2016-01-03 11:30:00

Milano: nuovo centro accoglienza per i senza fissa dimora


A Milano, nella Chiesa di Via della Pace, è stato aperto un nuovo centro per l’accoglienza delle persone senza fissa dimora per l’intero periodo invernale. E’ una delle iniziative del Progetto Arca, l’associazione che dal 1996 si occupa delle persone che vivono in strada. Secondo gli ultimi dati dell’Istat, le persone senza dimora sono in aumento e a preoccupare è soprattutto la loro età media, pari a 44 anni: uomini e donne nel pieno dell’età lavorativa che non trovano uno sbocco professionale. Nell’ultimo anno sono state aiutate più di 44 persone, tra senza fissa dimora, profughi, anziani e famiglie. Il presidente del Progetto Arca, Alberto Sinigallia, al microfono di Maria Cristina Montagnaro, spiega di cosa si tratta:

R. – E’ una Chiesa all’interno del Policlinico di Milano, che non veniva usata e che abbiamo adibita a dormitorio. Le persone che entreranno in questo dormitorio sono senza dimora e stazionano e dormono nei sotterranei del Policlinico.

D. – Il vostro, quindi, è un ricovero notturno?

R. – Sì, ma finalizzato ad un reinserimento sociale. E’ un primo passo per avere una relazione con le persone e dove faranno anche cena e colazione. Durante il giorno, invece, andranno in uno dei nostri dormitori in cui ci sono gli assistenti sociali e gli psicologici e dove è presente lo sportello lavoro e in cui poter iniziare un recupero. La scommessa è proprio quella: prendere le persone croniche, che sono cioè anni che stazionano nel Policlinico, per fare un percorso insieme a loro di reinserimento sociale.

D. – Qual è il motivo scatenante per cui queste persone si ritrovano a vivere in queste condizioni?

R. – Negli ultimi anni, forse negli ultimi due, c’è stato un grande aumento dovuto agli sfratti, che sono in grandissimo aumento: per cui troviamo intere famiglie che vengono nei dormitori e nelle mense; una volta era molto difficile trovare i bambini nelle mense, adesso è invece all’ordine del giorno. Un’altra causa sono le separazioni e le crisi emotive e quindi sicuramente i padri separati. La crisi economica è un altro fattore fondamentale che ha portato all’aumento degli italiani e delle famiglie: gli ultimi dati riguardo all’indigenza dicono che gli stranieri sono in leggero calo, mentre gli italiani sono in grande aumento.
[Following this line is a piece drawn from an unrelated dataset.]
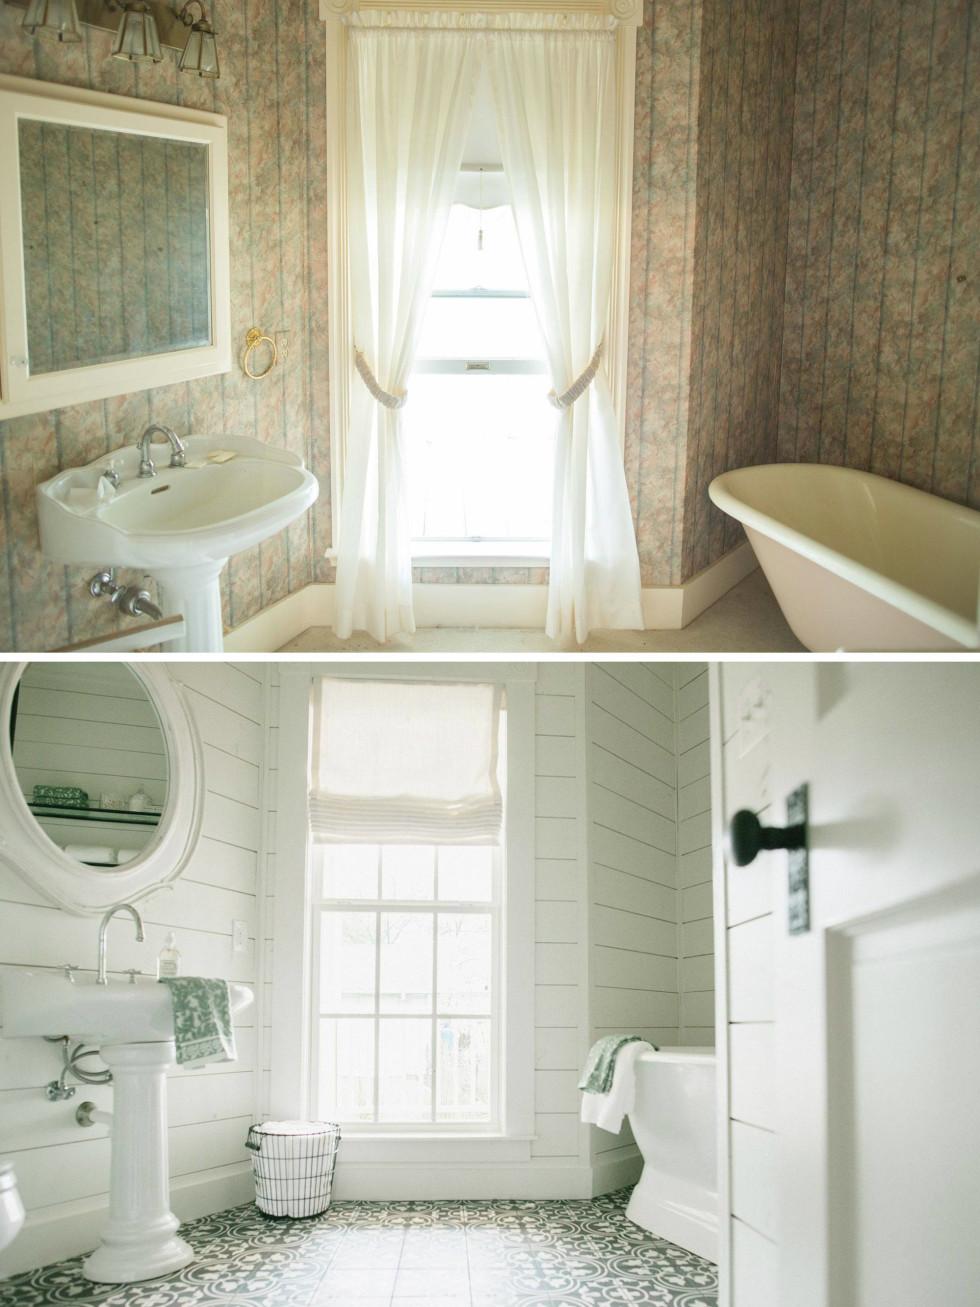 Magnolia House bathroom

D. – Che cosa si può fare per aiutare queste persone a superare i momenti di difficoltà?

R. – Bisogna dare loro un momento di serenità iniziale, durante la quale – attraverso un processo di residenza - possano andare a contattare la parte più intima di se stessi, dando così un obiettivo al recupero: se non c’è questo noi non possiamo aiutarli. La vera leva è la volontà del recupero che possono trovare dentro di loro. Noi possiamo aiutarli con un qualcosa di esterno, che può essere la casa, la serenità, i colloqui dello psicologo o dell’assistente sociale, a trovare questo punto di ripartenza. Ma il punto di partenza possono essere soltanto loro.

D. – Ci può raccontare una storia a lieto fine di cui siete stati testimoni?

R. - Una in particolare di una integrazione di un rifugiato politico che ha trovato un lavoro, che ha fatto il ricongiungimento familiare, ha avuto anche un figlio in Italia: attualmente lavorano sia la moglie che il marito, hanno tre figli, hanno trovato casa e sono addirittura riusciti ad ottenere un mutuo.